I swipe my hand down my face as I make my way up my front steps of the house. The sun is already dropping below the horizon. My warehouse is a fucking shambles because, of course, when Dominges’ mercenaries went for Anna, they blew up the warehouse to distract me. This is the cartel. It happens, and we’re ready for it. I’m moving everything to a more secure location, but it takes work, planning. I’d usually just leave Samuel to deal with it all, but when I woke up next to Anna this morning, her soft breaths on my skin and my dick plastered against the front of my boxers, I needed to get out of the house. On top of that shit in the garden last night…she’s making me unhinged, and I can’t fucking afford to be.

The front door swings open and Carlos walks out. “Boss.” He moves past me, heading down the steps. “I have some business in town.” With Carlos that could be anything from gangs to one of his baby-mamas. I open my mouth to speak, but he cuts me off. “Anna is in the games room with my brother.” A smug grin pulls at his lips, and I glare at him. Laughter follows him as he rounds the corner of the house towards his bike. Prick.

I go straight to my office and pour a drink. The liquor burns as it makes its way down my throat and settles in my gut. Tension clings to me like a second skin. My mind flits between business, Anna, Dominges, Nero and back again. There’s too much I don’t know, and too much that’s seemingly very hard to find out. Carlos has been looking for information on her for weeks, and he can’t find shit. Anna Vasiliev, orphaned at the age of five, placed in an orphanage with her sister, Una Vasiliev. Both of the girls’ records cut off when they’re thirteen, assumedly at the point where they were both sold. It’s as though they just ceased to exist from that point on. I suppose in essence, Anna doesn’t really exist, not in the real world. It’s why girls like her are so easy to take—they just slip under the radar.

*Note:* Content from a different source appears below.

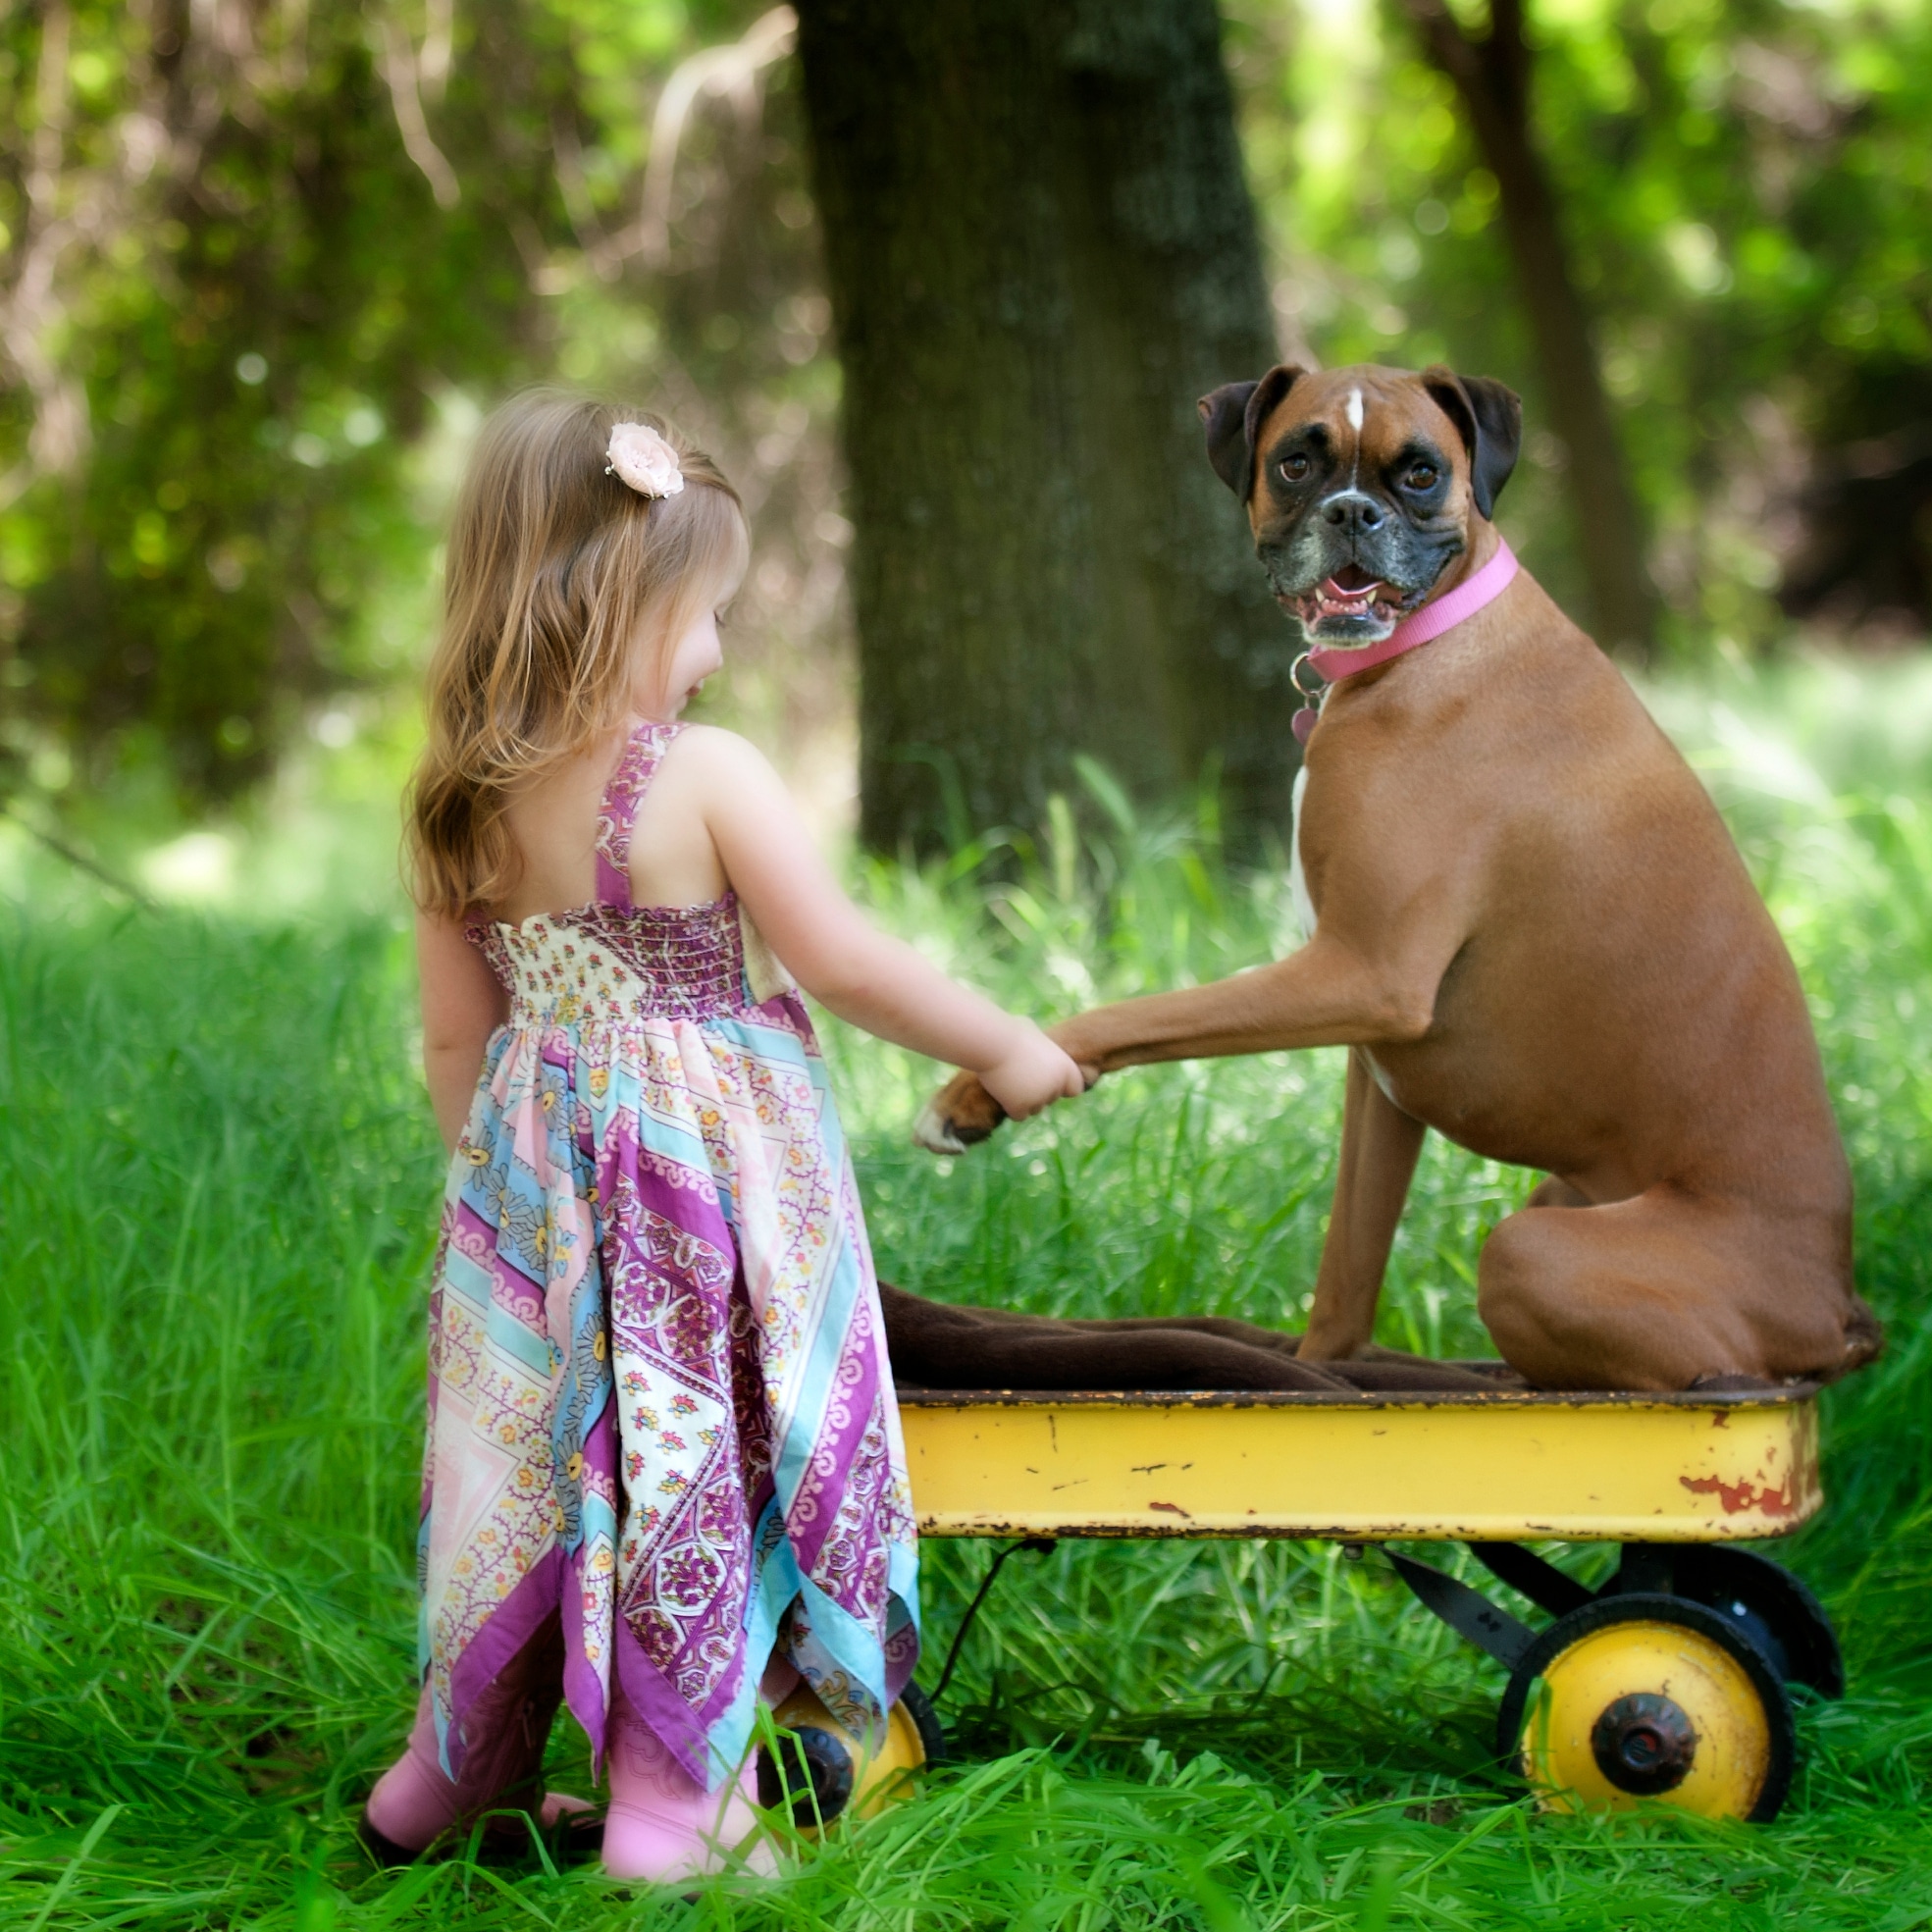 Can A Puppy Help Your Shy Child?

The problem I have is that I don’t even know who or what she is, and neither does she. And yet the little warrior has this power over me. Try as I might to fight it, I can’t, and she’s fast becoming a pretty little distraction. I want to know every sordid detail, every dark secret, and every sad little dream she has. I want to break her, crack that hard shell wide open and expose all the horrors beneath just so I can put her back together again. And all of it pisses me off because it makes me weak.